Consumers are intending to continue spending more on drinking in pubs/bars (3 percentage point increase) and drinking in coffee shops/sandwich shops (2.5 percentage point increase). This rise highlights the resurgence of consumers to socialise in pubs/ bars and to watch sporting events. The eating out category has also seen an increase of 0.5 percentage points, indicating steady growth in consumer interest to dine out and make the most of the warmer weather. 

The net spending sentiment intention data on going to the gym or playing sports saw a modest increase, indicating that consumers are continuing to focus on health and wellbeing. There is also a two percentage point increase in the attending live sports category which is driven by major tournaments taking place this summer. 

As economic conditions improve and consumer confidence strengthens, the leisure sector’s recovery is expected to continue. Businesses in the leisure and hospitality sectors should capitalise on the improving consumer sentiment by attracting customers with value for money experiences and personalised services. Bundling services and creating premium offerings can also encourage higher spending. There should also be an increased focus on ways to improve profitability including streamlining operations to reduce costs while trying to maintain the quality of services and products. 

 

Leisure spending in the next three months by category

Net % spending more by category over the next three months

The Deloitte Consumer Tracker is based on a consumer survey carried out by independent market research agency, YouGov, on Deloitte’s behalf. This survey was conducted online with a nationally representative sample of more than 3,000 UK adults aged 18+ between 7th June 2024 and 10th June 2024.

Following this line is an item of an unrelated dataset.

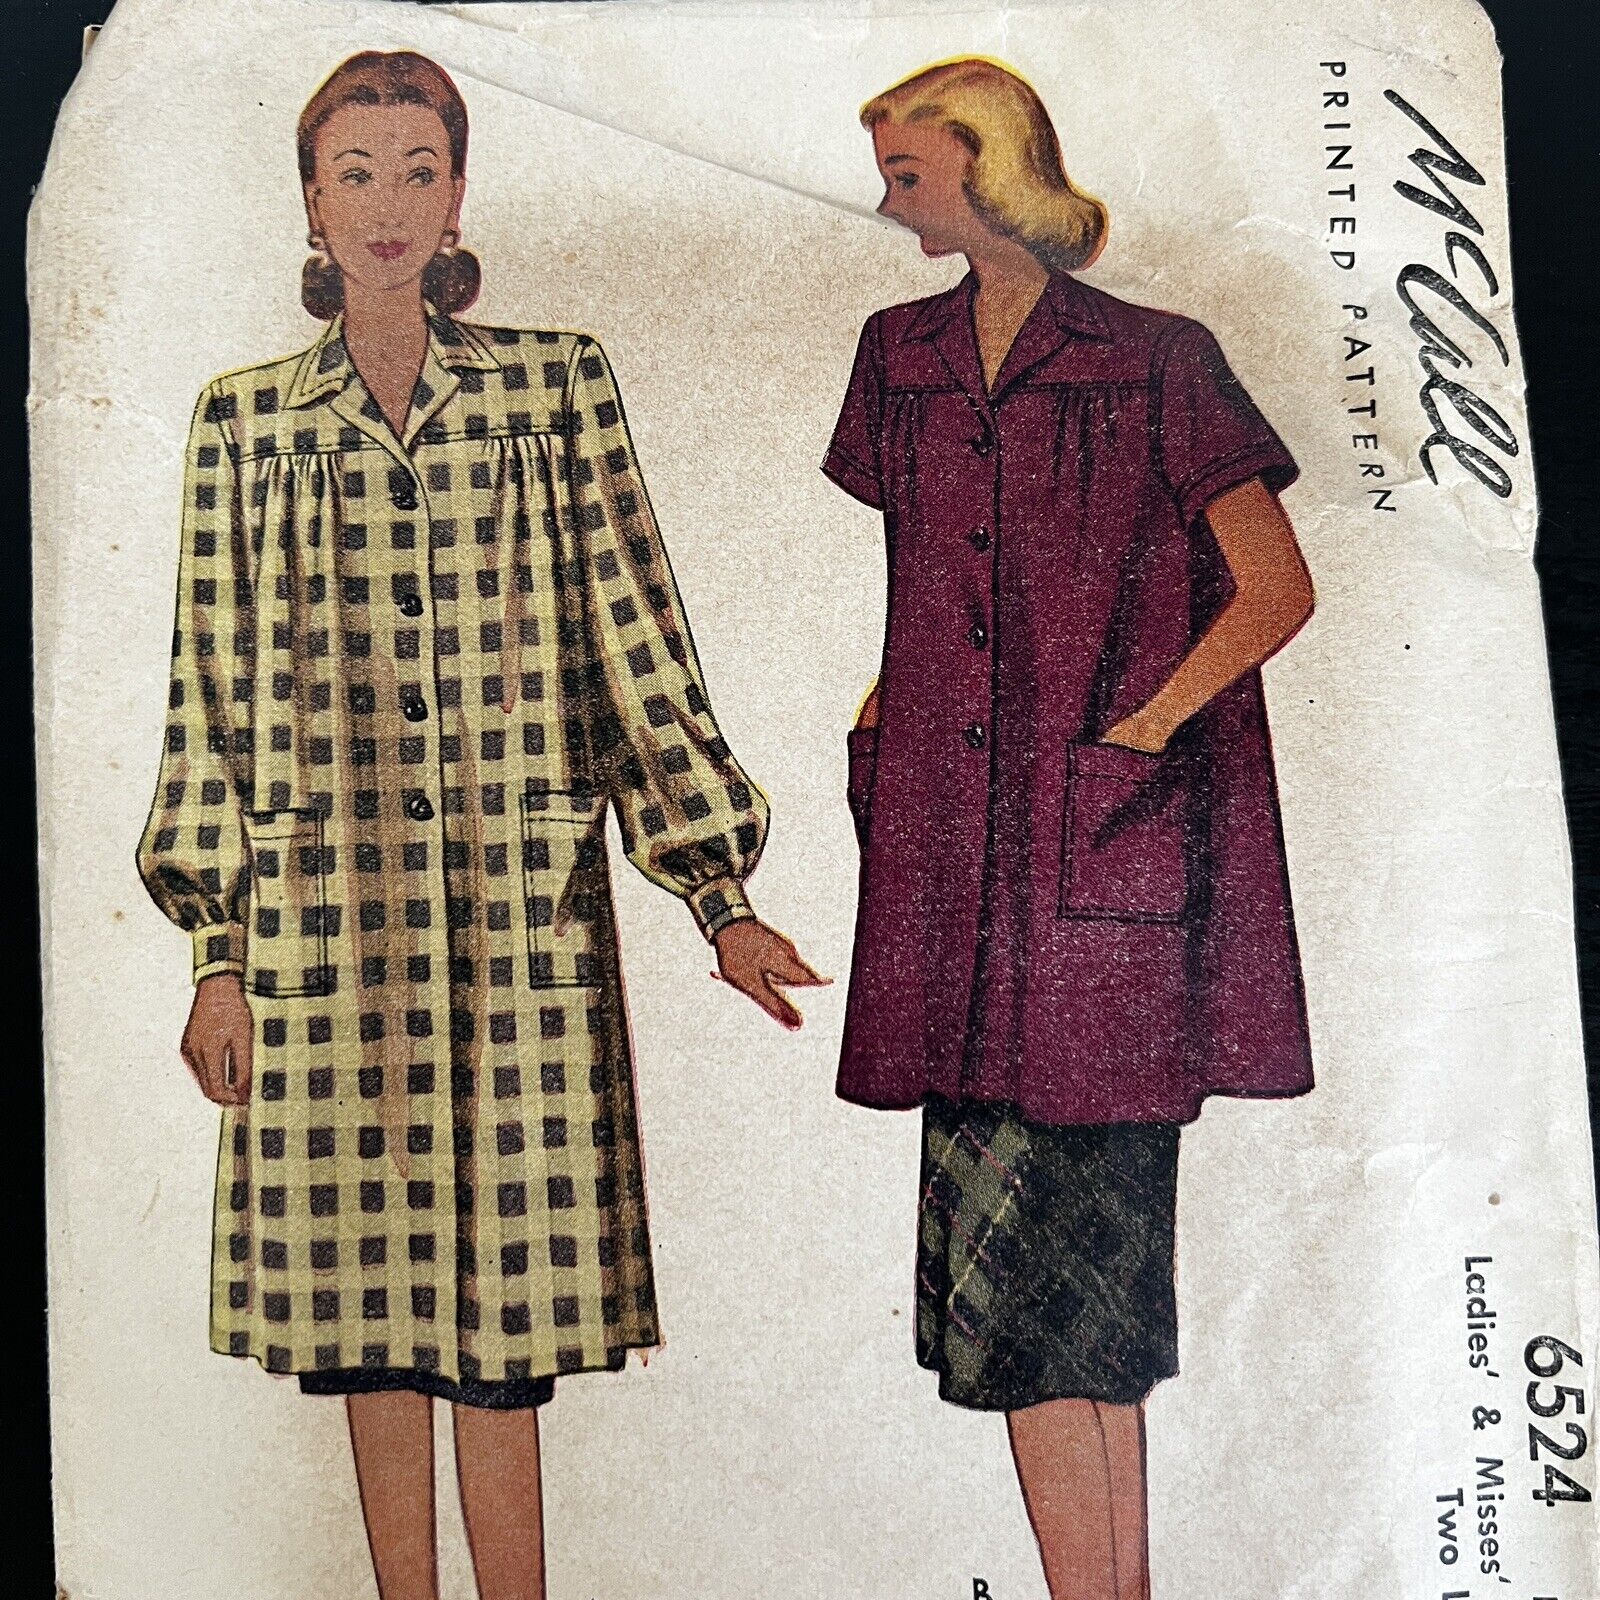 Vintage 1940s McCalls 6524 Collared Button Smock Top Dress Sewing Pattern 38 40

Some of the figures in this research show the results in the form of a net balance. This is calculated by subtracting the proportion of respondents that reported feeling more negative from the proportion that reported feeling more positive. For instance, assume that 30% of respondents reported they are spending more, 50% reported no change and 20% reported they are spending less. The net balance is calculated as 30% – 20% = 10%. This means 10% of consumers reported that they spent more rather than less.